How many Death Dealer images did he paint? He was always looking for licensing deals. He was asked if he could do more images with the same character. He did six, five of which were published as paperback covers [of Death Dealer novels]. The last one, number six, never came out. It was cancelled after five issues.
How does Death Dealer 6 compare to the other five? The first Death Dealer is very intense. It’s motionless. It has great gravitas. You feel the intensity there. The others depicted scenes in a novel. He is a character almost like a barbarian. Death Dealer 6 captures a lot of what Frank is known for. He hated art that was stiff. Look at the horse, and look at the guy’s arm. Nothing there looks overworked or stiff. It has tremendous visual appeal. That’s what his art is about.
And Death Dealer 6 is the only Death Dealer painting to go to auction? Yes. The family has the other five.

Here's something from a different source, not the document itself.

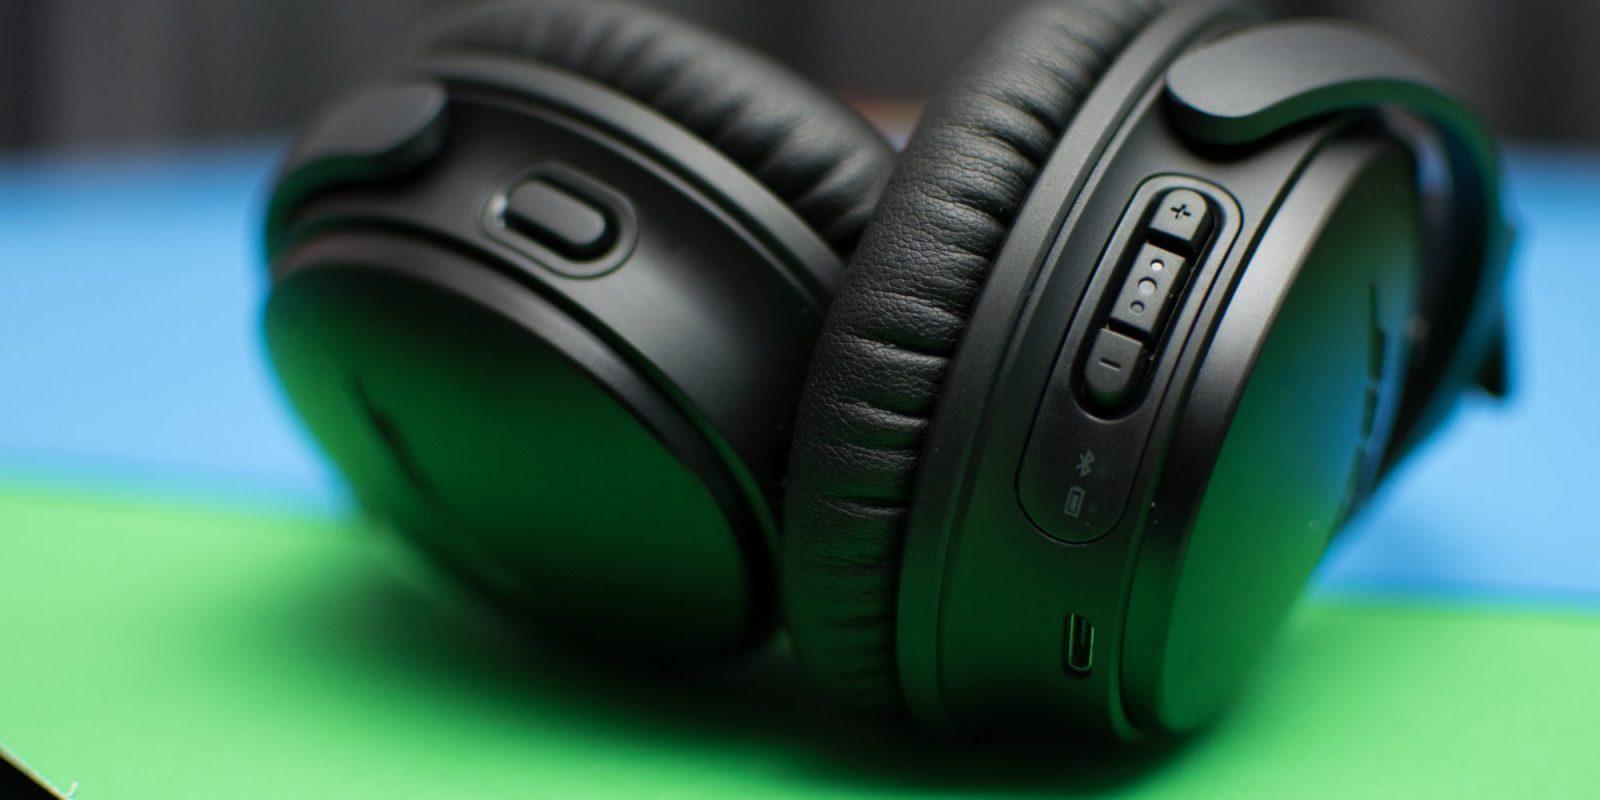 ecbe3f10a46 Bose launches Amazon Alexa integration for its QuietComfort 35 II headphones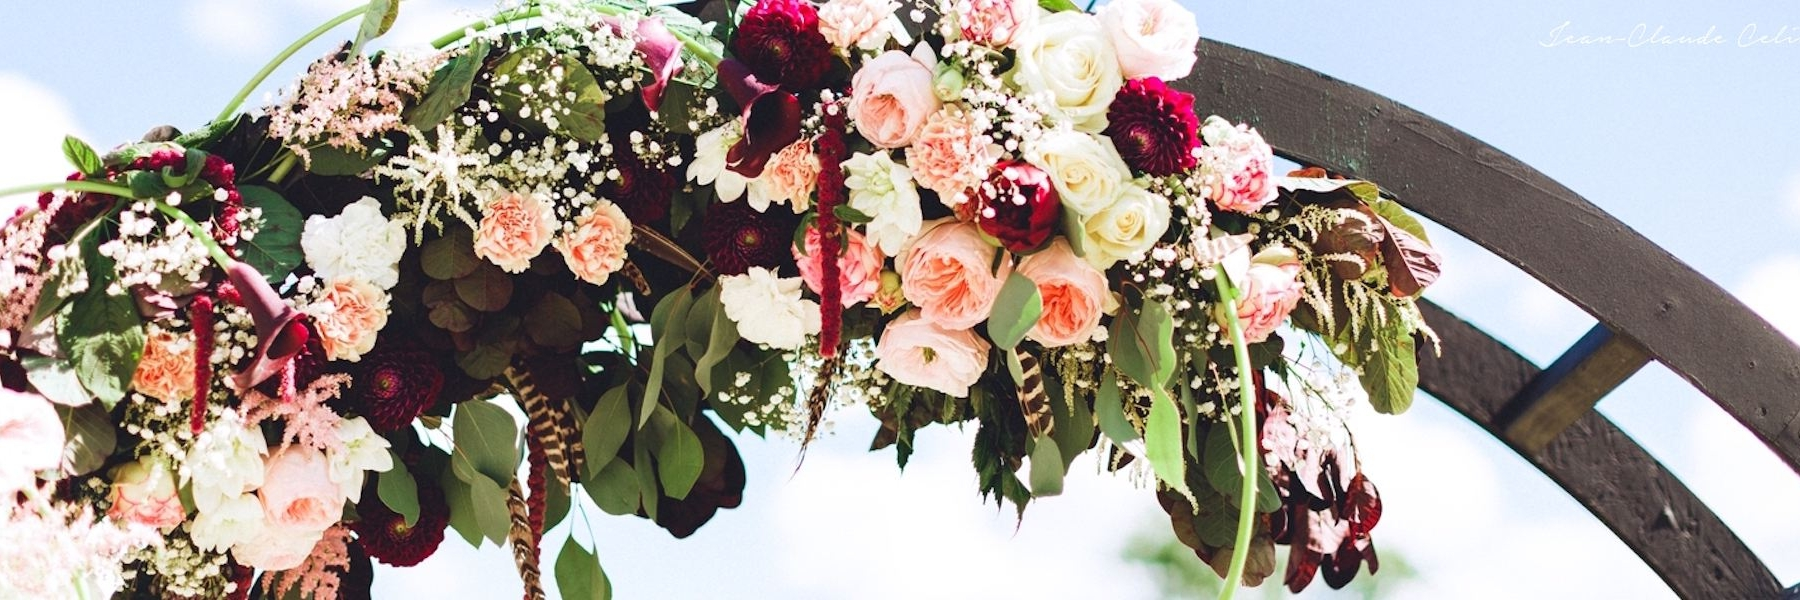 mariage-bordeau-burgundy

How often do Frazetta paintings come to auction? He was fanatical about keeping his original art. He felt his art was going to be more valuable. He kept 80 to 90 percent of what he produced. None of the [other] Death Dealers have been sold. His key paintings were always in his museum. Then he passed away. His wishes were that his museum continue, but his kids had other ideas.
So his paintings started to come to market after he died? He would agree to sell things sporadically [while he was alive]. The first time he sold a lot of material, it was the mid 1990s. He sold eight or nine paintings.
How prolific was Frazetta? He wasn’t. That’s a misconception. He worked in any medium that you can imagine, but he considered himself to have 150 finished oil paintings, with maybe another 25 unfinished. Maybe he sold 30 prior to his death. He sold very infrequently.
What drove Death Dealer 6 to such a high price at auction? How much of that was because it was a Death Dealer image? A Death Dealer painting had never come on the market before, and Death Dealer is an original character created by Frank Frazetta [unlike Tarzan and Conan the Barbarian]. That was most of it. And the market has been escalating. With each painting we put up, we get more and more, and as comparables are rising, people are comfortable going up to the next stage. But if he had ever agreed to sell Death Dealer 1 in the 1990s, I could have gotten $1 million for it then. Frank just refused to sell his paintings. The only thing that ever held back the Frazetta market before was because nothing great came up for sale. If it had, the market would have gone up much quicker. But he wanted to keep them.
When did you know you had a new world auction record for a Frank Frazetta work? When it passed $1.1 million. It was very exciting, on many levels. First of all, you know you’re helping a consigner, and you see them get a lot of money–that means a lot to them. And knowing the artist, and knowing what it would have meant to him [to see a work of his cross the seven-figure threshold], means even more.
How long do you think this record will stand? What else could challenge it? If any of his more iconic paintings come to market, the market will be pushed, that’s for sure. We have yet to see some of the greatest Frazetta paintings come up for sale. I don’t know what will happen if they do.
What’s the likelihood that another painting from the Death Dealer series will come up? Impossible to say. It depends on the family’s needs and wishes going forward.
In its Comics & Comic Art Signature Auction, taking place from August 2 to August 4, 2018, Heritage is offering Escape on Venus, a 1972 Frazetta painting for the cover of an Edgar Rice Burroughs novel. It could command $600,000 or more.
The Frank Frazetta Museum has a website. The original Death Dealer image is its logo.